Judging from the warning you present it seems that you are using a `cos()` whose return type is `double` (8 bytes usually), so when you use it's result in an arithmetic operation with a `float` (4 bytes usually) the implicit conversion is from `float` to `double` (smaller to bigger type).

If you then store it in a `float` there is an implicit conversion from a bigger type to a smaller type with possible data loss, hence the warning.

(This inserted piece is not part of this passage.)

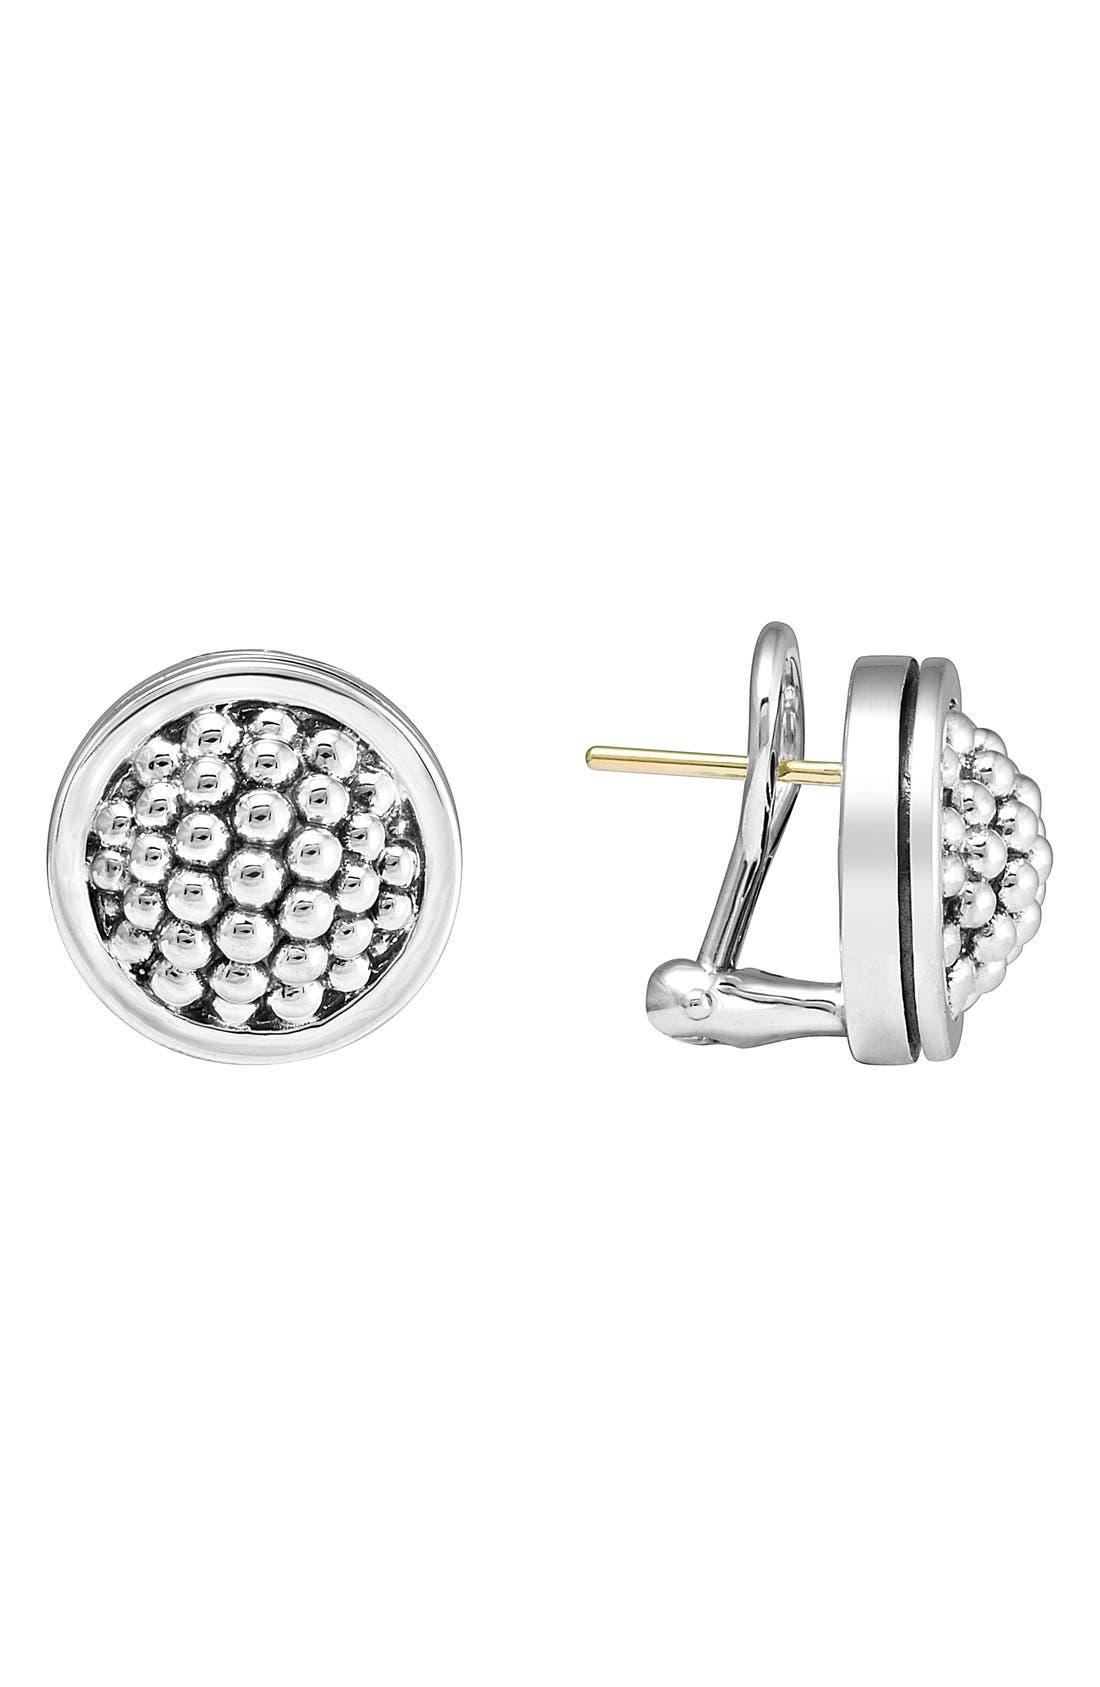 Caviar Stud Earrings,                         Main,                         color, STERLING SILVER
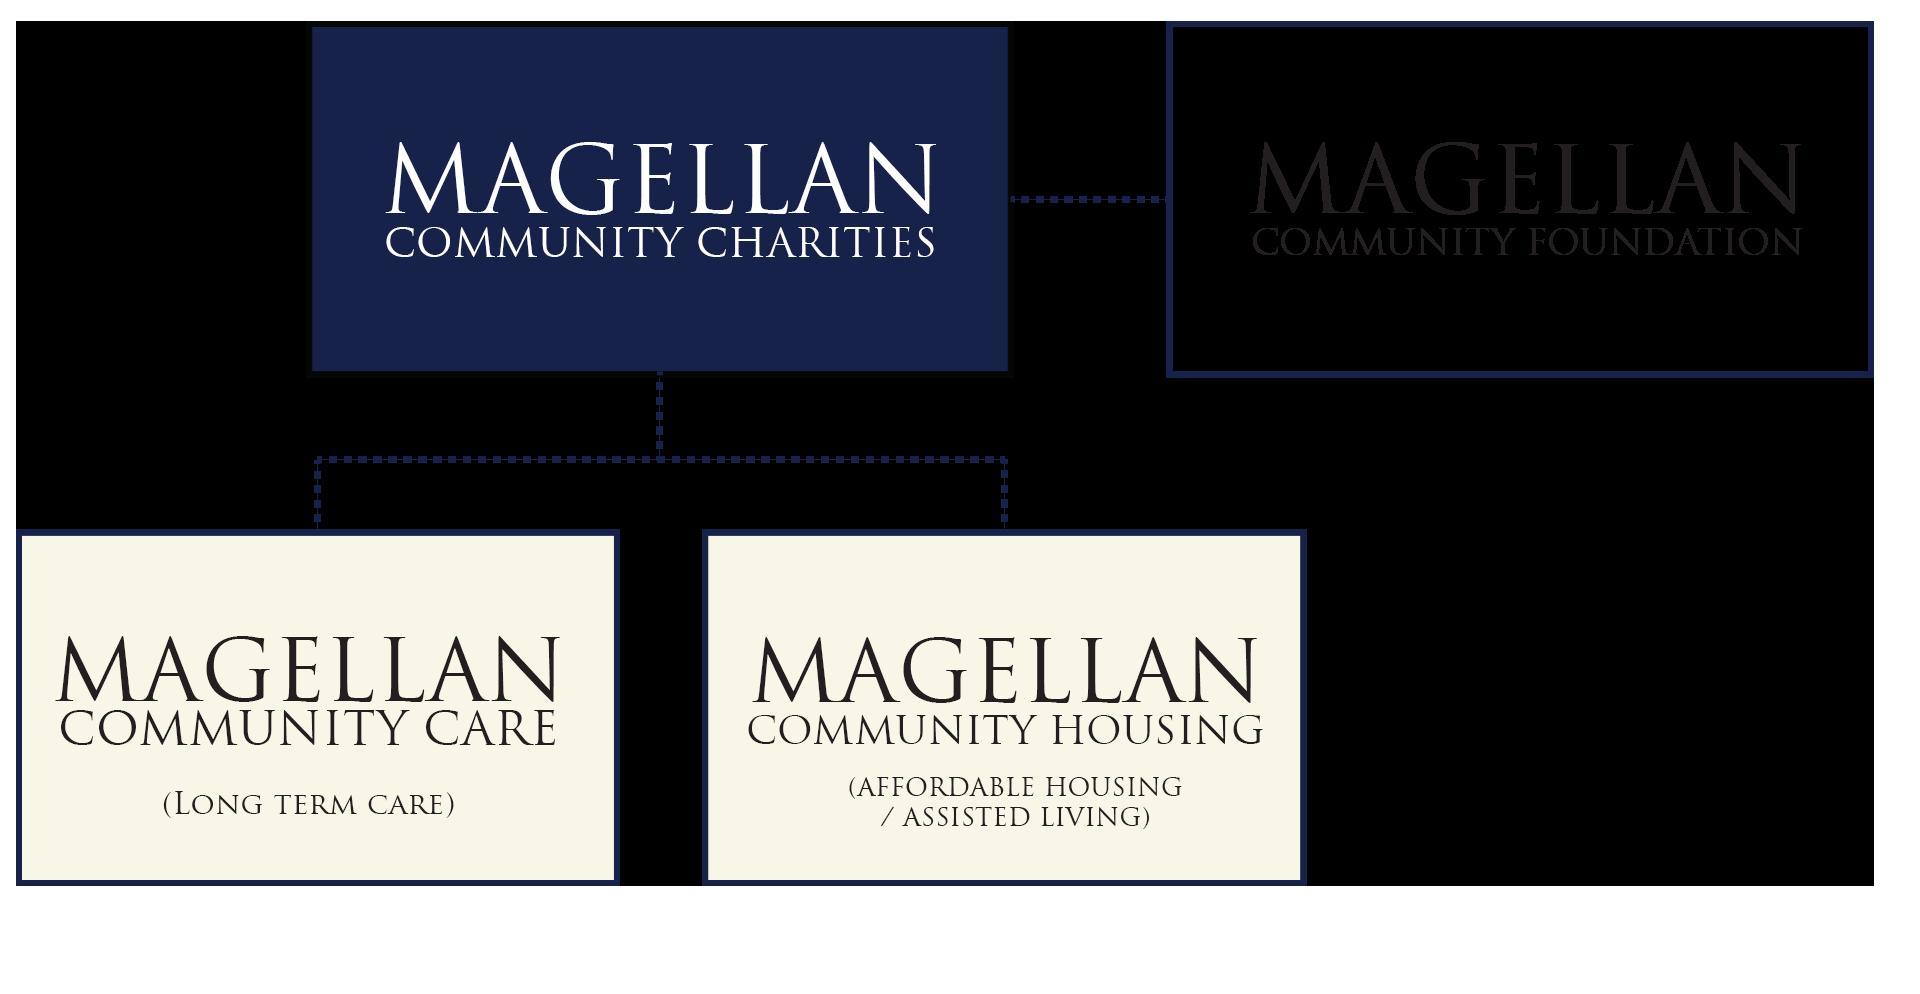 Organizational Structure - Magellan

由于我们没有您的全部代码，因此很难确定，但这似乎是事实。

``````#include <iostream>
#include <cmath>

using std::cout, std::endl, std::cos; // (C++17 comma separated)

int main(){
float x = 2.0;

cout << sizeof(float) << endl;  // 4
cout << sizeof(double) << endl << endl; // 8

auto y = cos(20) * x;  // overloaded --> double cos (double x(conversion)); C++11
float d = cos(20) * x;  // overloaded --> float cos (float x); C++11

cout << sizeof(y) << endl;  // 8
cout << sizeof(d) << endl;  // 4
}
``````

在这里一切正常，调用适当的重载函数，在您看来，这似乎没有发生。

• yyzs1995 回复

如果您发布整个源代码，将很有帮助。

根据您发布的内容，我假设您没有类似的内容

``````using namespace std;
``````

So `cos()` and `sin()` are the old C versions. They both expect an input of type `double`. `cosf()` and `sinf()` are the function expecting a float. Since you are using c++ you want to use the STL functions and not the old C ones.

所以做以下

``````static vector2 polar(float r, float phi) {
return {r * std::cos(phi), r * std::sin(phi)};
}
``````

STL函数是重载，因此它们将float和double作为输入，而没有任何隐式转换。